Recorded information

=====

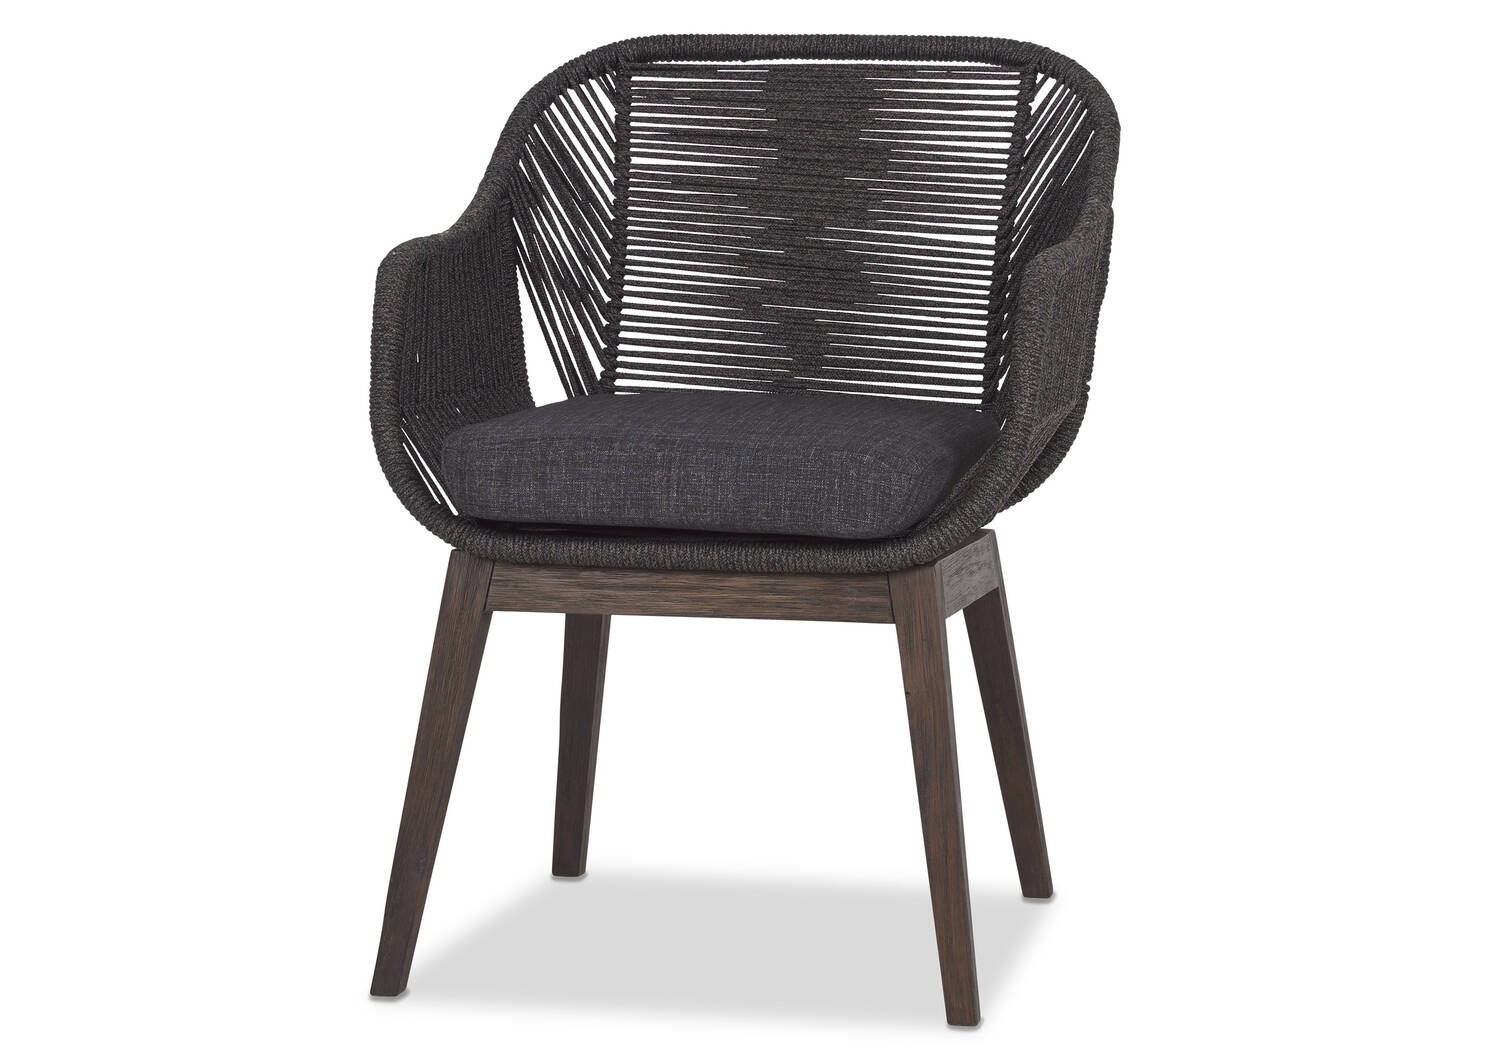 Grenada Dining Chair -Kit Charcoal
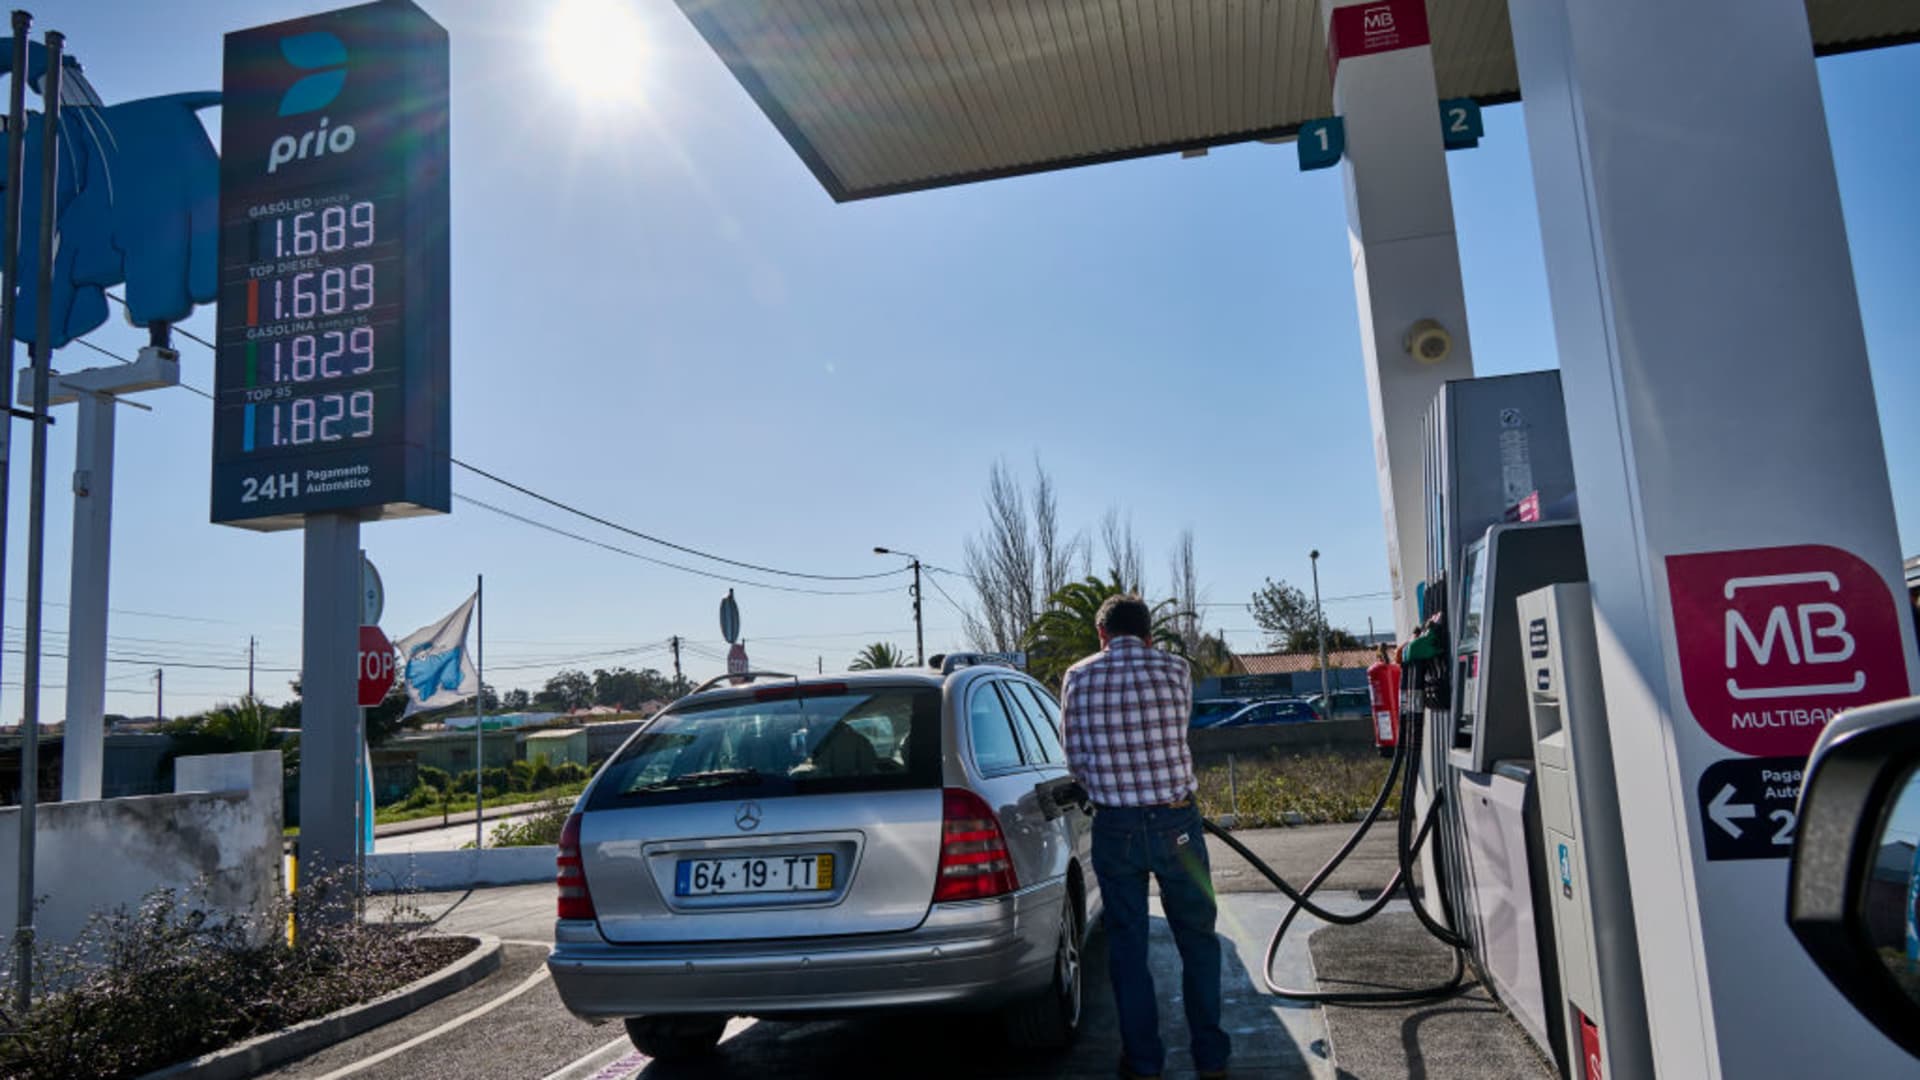 A driver fills up the tank of his car at the pump of a low-cost Prio Gas Station on the eve of an announced fuel price increase on March 06, 2022, in Portugal.
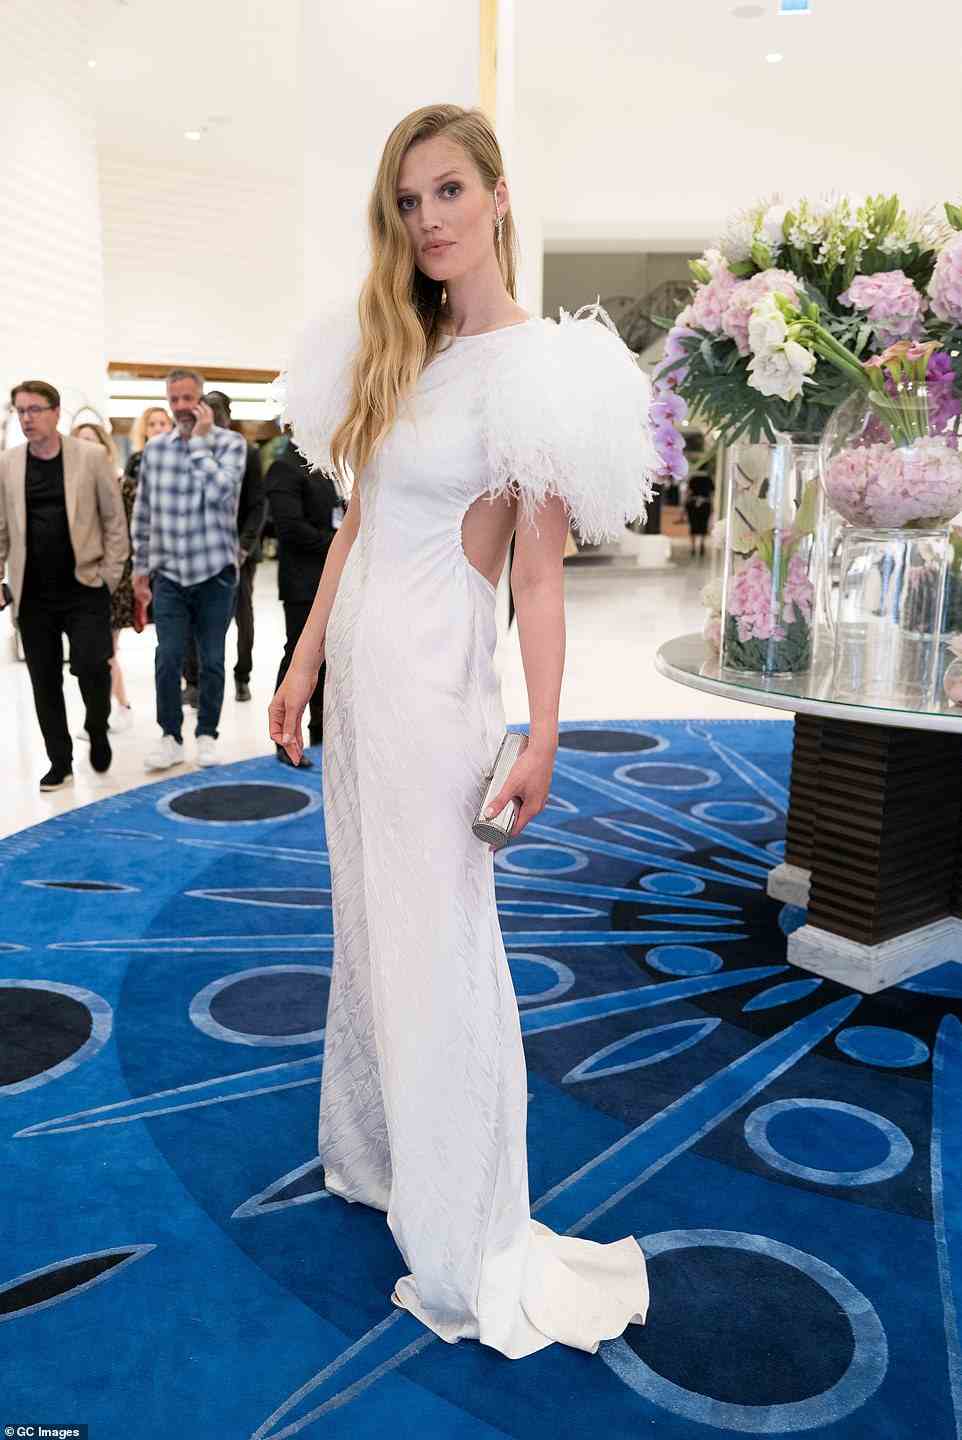 Radiant: Toni Garn looked lovely in a slinky white dress with feathered detailing
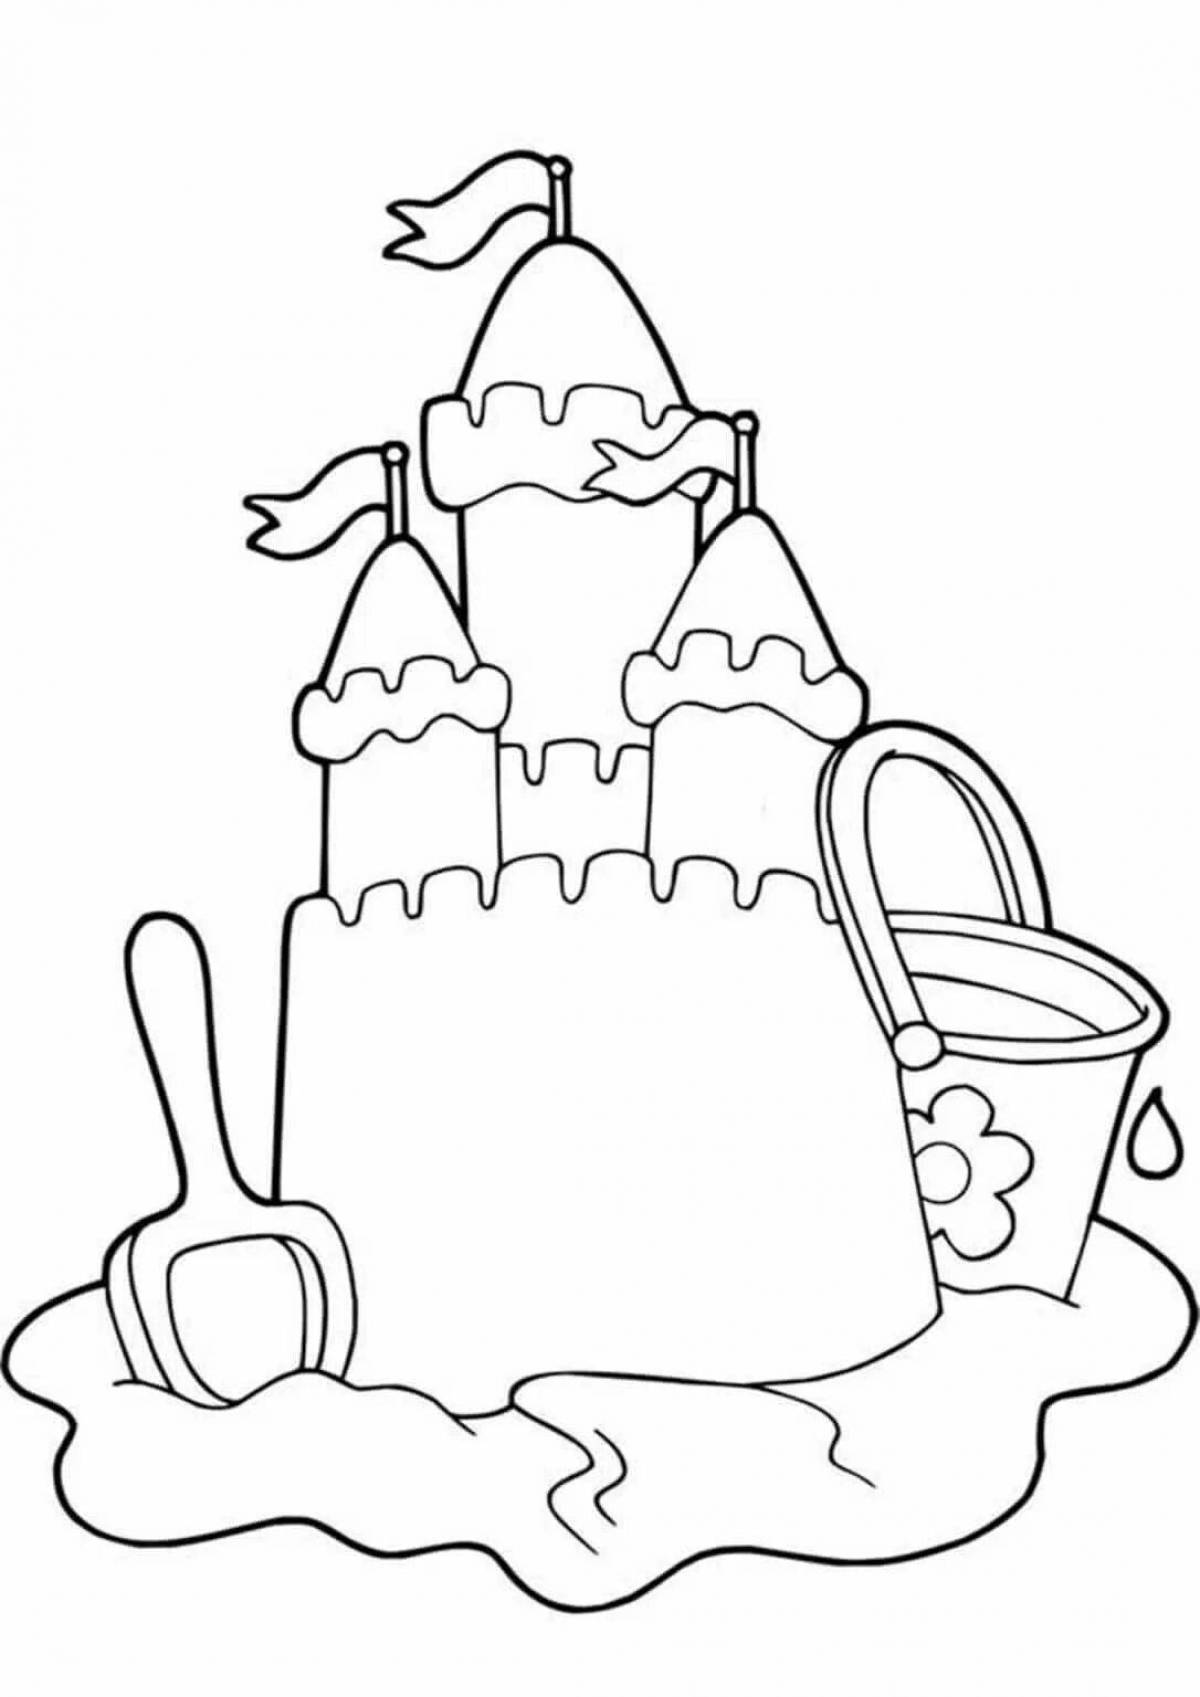 Intriguing sand game coloring page

=====

Problem requirements
Skip the pictures, then return the rest of the data exactly.

Answer section
 Grenada Dining Chair -Kit Charcoal
 A driver fills up the tank of his car at the pump of a low-cost Prio Gas Station on the eve of an announced fuel price increase on March 06, 2022, in Portugal.
 Radiant: Toni Garn looked lovely in a slinky white dress with feathered detailing
 Intriguing sand game coloring page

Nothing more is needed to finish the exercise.